You are viewing a plain text version of this content. The canonical link for it is here.
Posted to user@hive.apache.org by Manish Malhotra <ma...@gmail.com> on 2015/01/21 02:58:58 UTC
Hive Thrift Metastore Server : Socket timeout Exception / Read timeout
Hi All,
I'm using Hive Thrift Server in Production which at peak handles around 500
req/min.
After certain point the Hive Thrift Server is going into the no response
mode and throws
Following exception
"org.apache.hadoop.hive.ql.metadata.HiveException:
org.apache.thrift.transport.TTransportException:
java.net.SocketTimeoutException: Read timed out"
As the metastore we are using MySQL, that is being used by Thrift server.
The design / architecture is like this:
Oozie -- > Hive Action --> ELB (AWS) --> Hive Thrift ( 2 servers) --> MySQL
(Master) -- > MySQL (Slave).
Software versions:
Hive version : 0.10.0
Hadoop: 1.2.1
Looks like when the load is beyond some threshold for certain operations it
is having problem in responding.
As the hive jobs sometimes fails because of this issue, we also have a
auto-restart check to see if the Thrift server is not responding, it stops
/ kills and restart the service.
Other tuning done:
Thrift Server:
Given 11gb heap, and configured CMS GC algo.
MySQL:
Tuned innodb_buffer, tmp_table and max_heap parameters.
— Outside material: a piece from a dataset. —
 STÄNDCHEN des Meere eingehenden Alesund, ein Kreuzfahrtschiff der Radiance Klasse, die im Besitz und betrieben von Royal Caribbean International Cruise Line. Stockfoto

So, can somebody please help to understand, what could be the root cause
for this or somebody faced the similar issue.
I found one related JIRA :https://issues.apache.org/jira/browse/HCATALOG-541
But this JIRA shows that Hive Thrift Server shows OOM error, but in my case
I didnt see any OOM error in my case.
Regards,
Manish
Full Exception Stack:
at
org.apache.thrift.protocol.TBinaryProtocol.readAll(TBinaryProtocol.java:378)
at
org.apache.thrift.protocol.TBinaryProtocol.readI32(TBinaryProtocol.java:297)
at
org.apache.thrift.protocol.TBinaryProtocol.readMessageBegin(TBinaryProtocol.java:204)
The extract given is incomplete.